Appendix A — PCA and alternating regression
Let \(X_1, \ldots, X_n \in \mathbb{R}^p\) be the observations for which we want to compute the corresponding PCA. Without loss of generality we can always assume that \[ \frac{1}{n} \sum_{i=1}^n X_i \ = (0,\ldots,0)^\top \, , \] so that the sample covariance matrix \(S_n\) is \[ S_n \ = \ \frac{1}{n-1} \, \sum_{i=1}^n X_i \, X_i^\top \, . \] We saw in class that if \(B \in \mathbb{R}^{p \times k}\) has in its columns the eigenvectors of \(S_n\) associated with its \(k\) largest eigenvalues, then \[ \frac{1}{n} \, \sum_{i=1}^n \left\| X_i - P( L_{B}, X_i ) \right\|^2 \ \le \ \frac{1}{n} \, \sum_{i=1}^n \left\| X_i - P( L, X_i ) \right\|^2 \, , \] for any \(k\)-dimensional linear subspace \(L \subset \mathbb{R}^p\) where \(P( L, X)\) denotes the orthogonal projection of \(X\) onto the subspace \(L\), \(P( L_{B}, X) = {B} {B}^\top X\) (whenever \({B}\) is chosen so that \({B}^\top {B} = I\)) and \(L_{B}\) denotes the subspace spanned by the columns of \(B\).

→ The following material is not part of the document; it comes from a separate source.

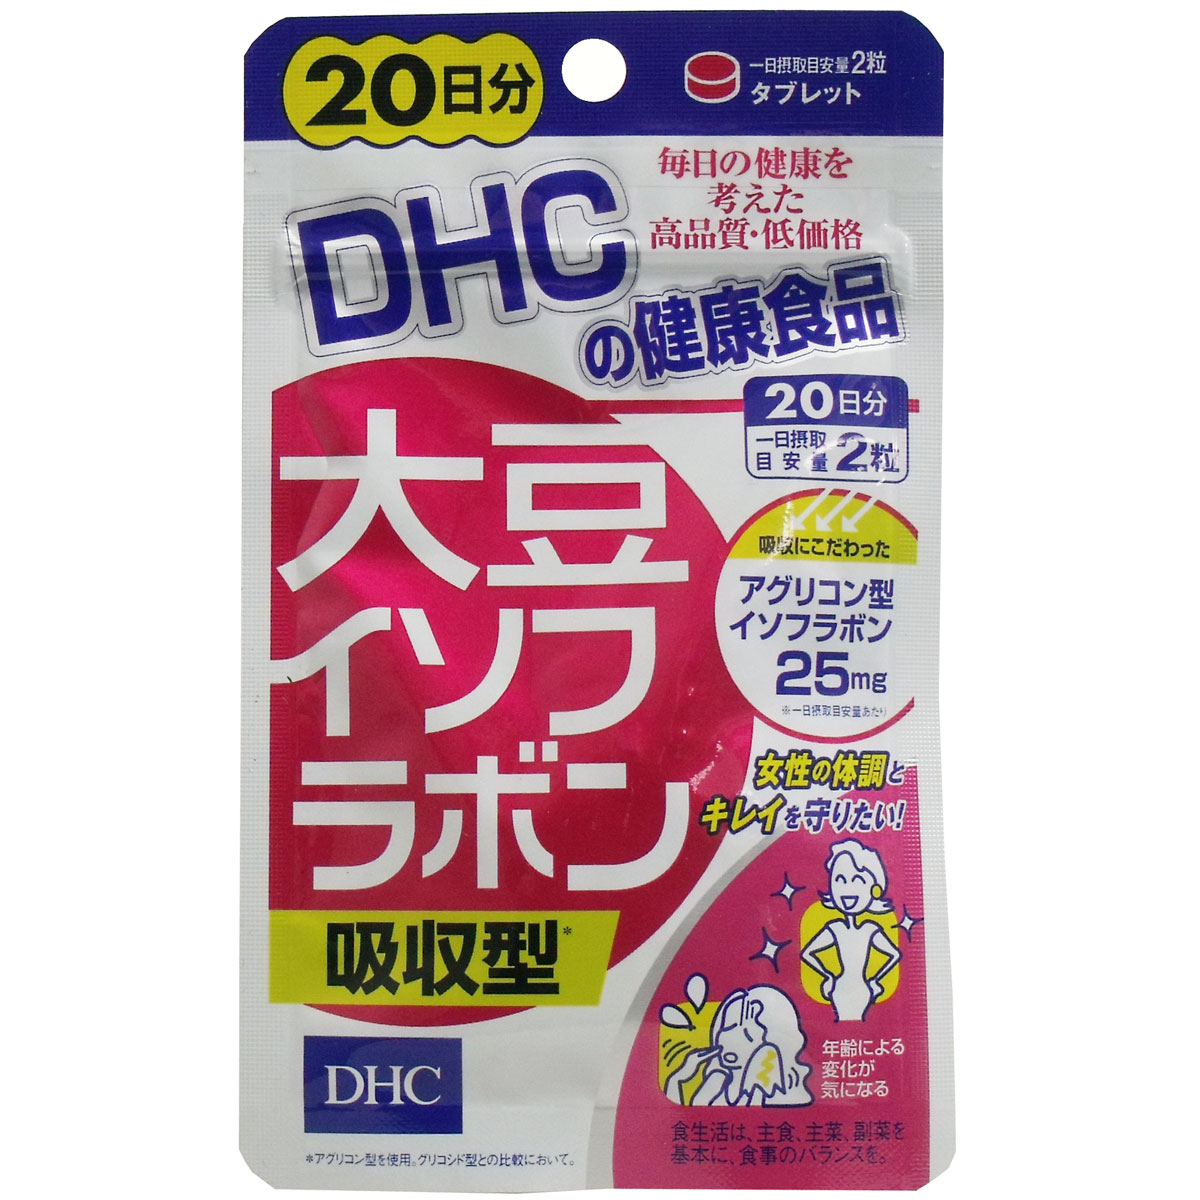 【送料無料】【5個セット】 DHC 大豆イソフラボン吸収型 20日分 40粒入 【dhc 大豆イソフラボン】【大豆イソフラボン サプリ】

We will show now that, instead of finding the spectral decomposition of \(S_n\), principal components can also be computed via a sequence of “alternating least squares” problems. To fix ideas we will consider the case \(k=1\), but the method is trivially extended to arbitrary values of \(k\).
When \(k=1\) we need to solve the following problem \[\begin{equation} \min_{\left\| a \right\|=1, v \in \mathbb{R}^n} \ \sum_{i=1}^n \left\| X_i - a \, v_i \right\|^2, (\#eq:pca1) \end{equation}\]\end{equation} where \(v = (v_1, \ldots v_n)^\top\) (in general, for any \(k\) we have \[ \min_{ A^\top A = I, v_1, \ldots, v_n \in \mathbb{R}^k} \ \sum_{i=1}^n \left\| X_i - A \, v_i \right\|^2 \, ). \] The objective function in Equation @ref(eq:pca1) can also be written as \[\begin{equation} \sum_{i=1}^n \sum_{j=1}^p \left( X_{i,j} - a_j \, v_i \right)^2 \, , (\#eq:pca2) \end{equation}\] and hence, for a given vector \(a\), the minimizing values of \(v_1, \ldots, v_n\) in Equation @ref(eq:pca2) can be found solving \(n\) separate least squares problems: \[ v_\ell \, = \, \arg \, \min_{d \in \mathbb{R}} \sum_{j=1}^p \left( X_{\ell,j} - a_j \, d \right)^2 \, , \qquad \ell = 1, \ldots, n \, . \] Similarly, for a given set \(v_1, \ldots, v_n\) the entries of \(a\) can be found solving \(p\) separate least squares problems: \[ a_r \, = \, \arg \, \min_{d \in \mathbb{R}} \sum_{i=1}^n \left( X_{i, r} - d \, v_i \right)^2 \, , \qquad r = 1, \ldots, p \, . \] We can then set \(a \leftarrow a / \| a \|\) and iterate to find new \(v\)’s, then a new \(a\), etc.